Parent shall use commercially reasonable efforts to cause the Registration
Statement to be declared effective as soon as practicable after the filing.
Parent shall prepare and file with the SEC a report on Form 8K under the
Securities Exchange Act of 1934, as amended (the "1934 ACT"), reflecting the
transaction contemplated by the Contribution Agreement, including all financial
statements (historical and pro forma) required to be filed in connection
therewith, as soon as commercially practicable after the Closing Date, but in no
event later than thirty (30) days after the Closing Date.

            (b) The Shareholders shall furnish such information as Parent may
reasonably request in connection with the preparation of the Registration
Statement in order to permit Parent to comply with all applicable securities
laws and requirements of the SEC. Upon the effectiveness of the Registration
Statement with the SEC, pursuant to the terms of this Agreement, the
Registerable Shares may be sold in accordance with the Registration Statement
under the 1933 Act.

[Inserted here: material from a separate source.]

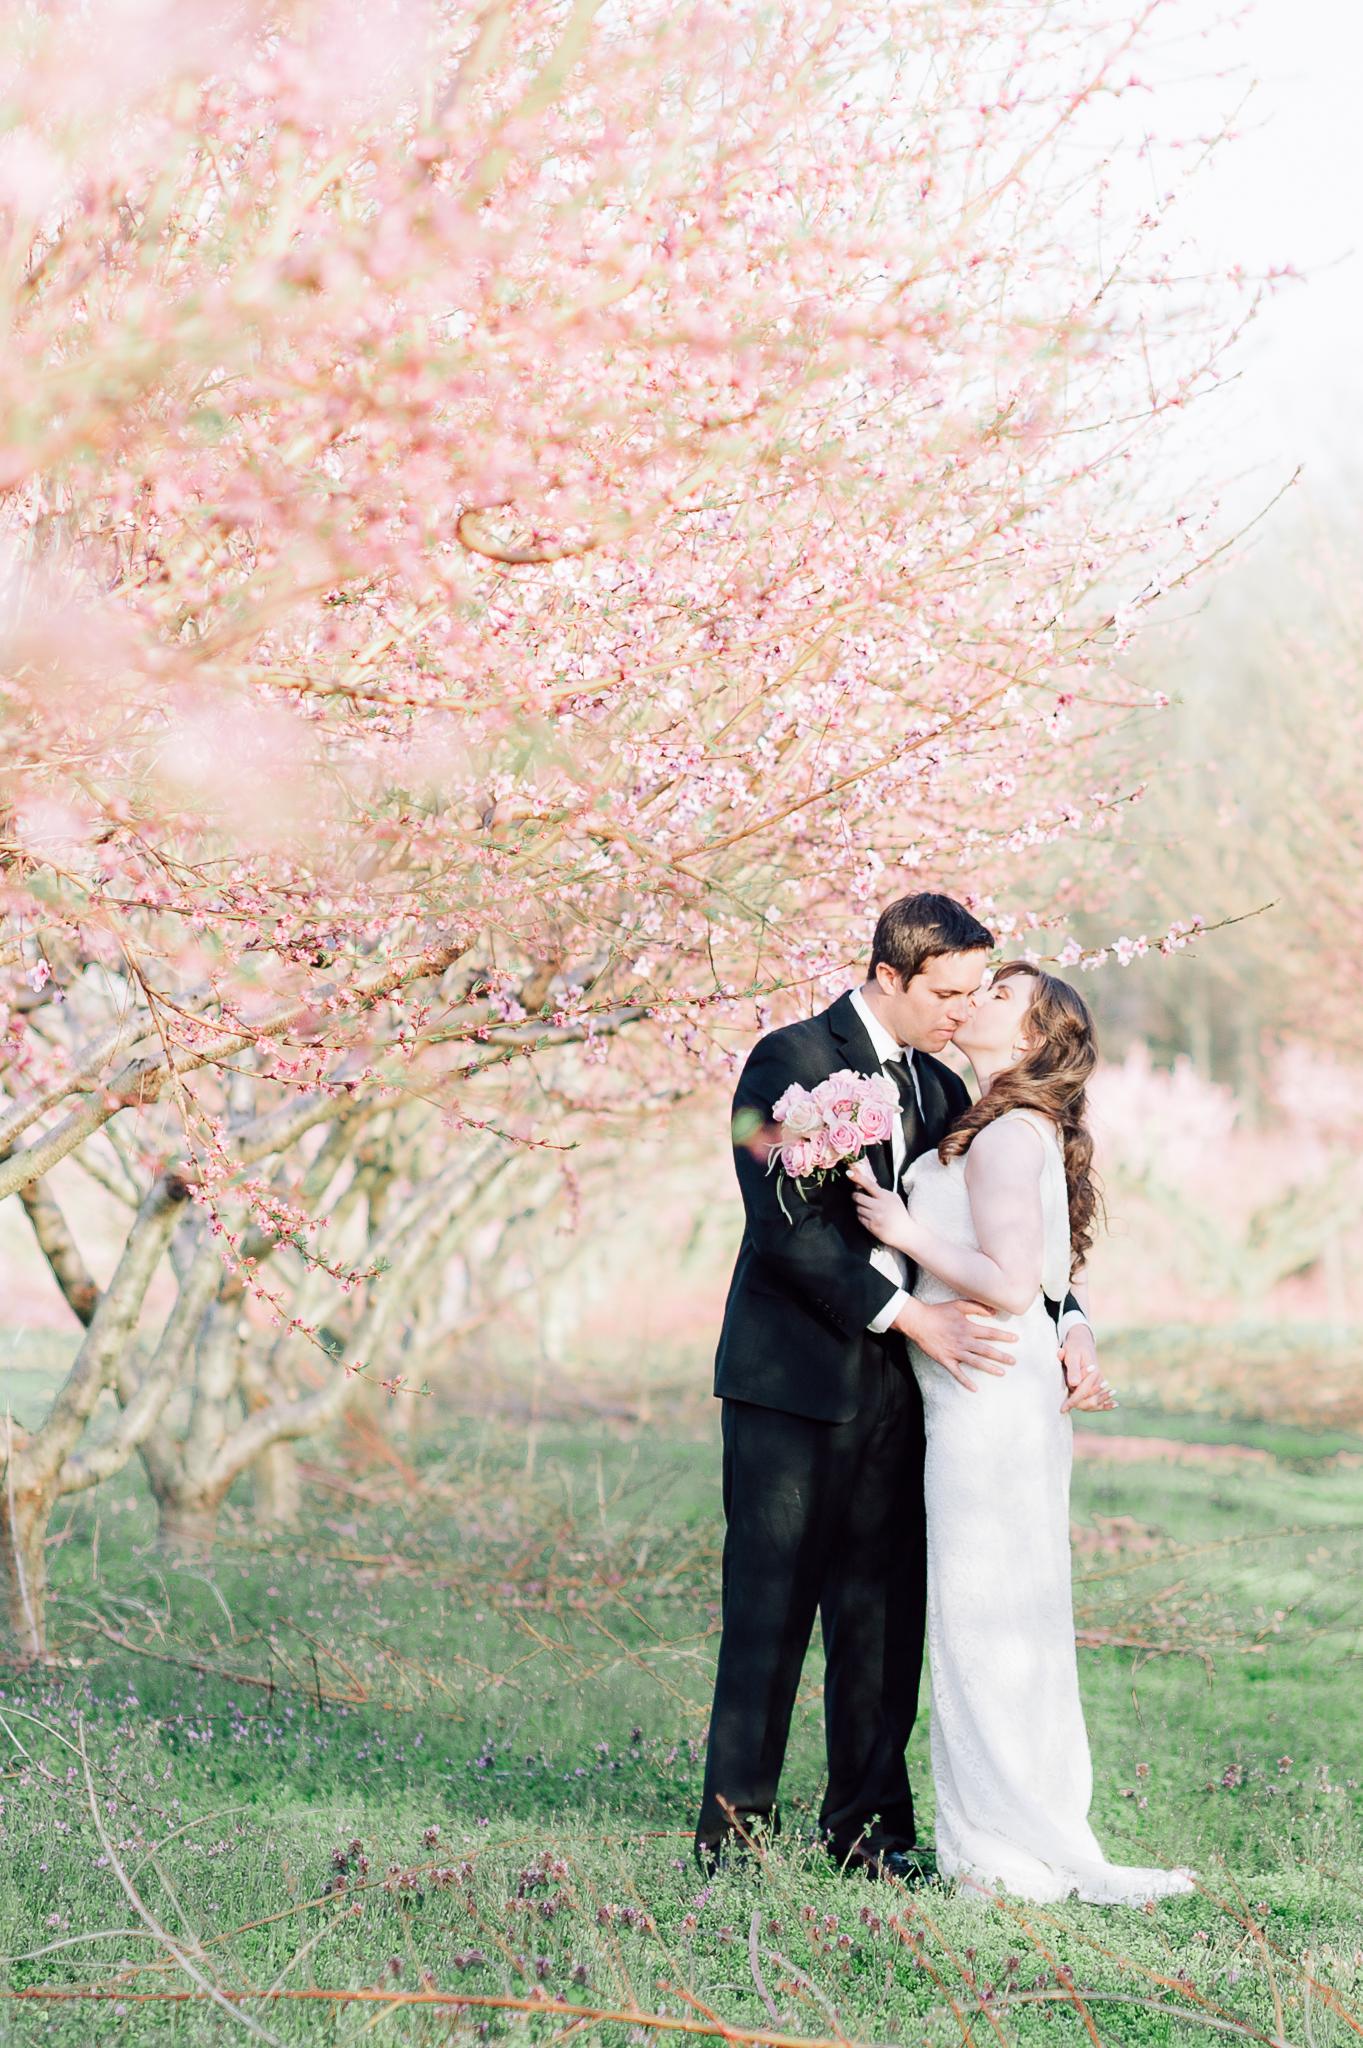 springwedding_cherryblossoms_virginiaphotographer_youseephotography_styledshoot (582).jpg

Subject to the terms of this Agreement, Parent shall use
commercially reasonable efforts to cause the Registration Statement to remain
effective until the earlier of (i) the date on which all Registerable Shares
covered by the Registration Statement have been sold to the public pursuant to
the Registration Statement or (ii) two years after the Closing Date, provided
that such two year period shall be extended by the duration of any Blackout
Period(s) (the "REGISTRATION EFFECTIVE PERIOD").

        1.3 OTHER SHARES. Parent may include in the Registration Statement under
this Section 1 any shares of common stock of Parent ("PARENT COMMON STOCK")
(including issued and outstanding shares of Parent Common Stock as to which the
holders thereof have contracted with Parent for "piggyback" registration
rights); provided, however, that the registration or resale of the entire number
of Registerable Shares pursuant to such Registration Statement shall be honored
first and shall take precedence over the inclusion of such other shares of
Parent Common Stock.

                         SECTION 2: PARENT'S OBLIGATIONS

        In connection with the Registration Statement referred to in Section
1.2, Parent shall:

        2.1 REGISTRATION STATEMENT. Prepare and file with the SEC the
Registration Statement with respect to the Registerable Shares and thereafter
use commercially reasonable efforts to cause the Registration Statement to
become and remain effective for the period set forth in Section 1.2.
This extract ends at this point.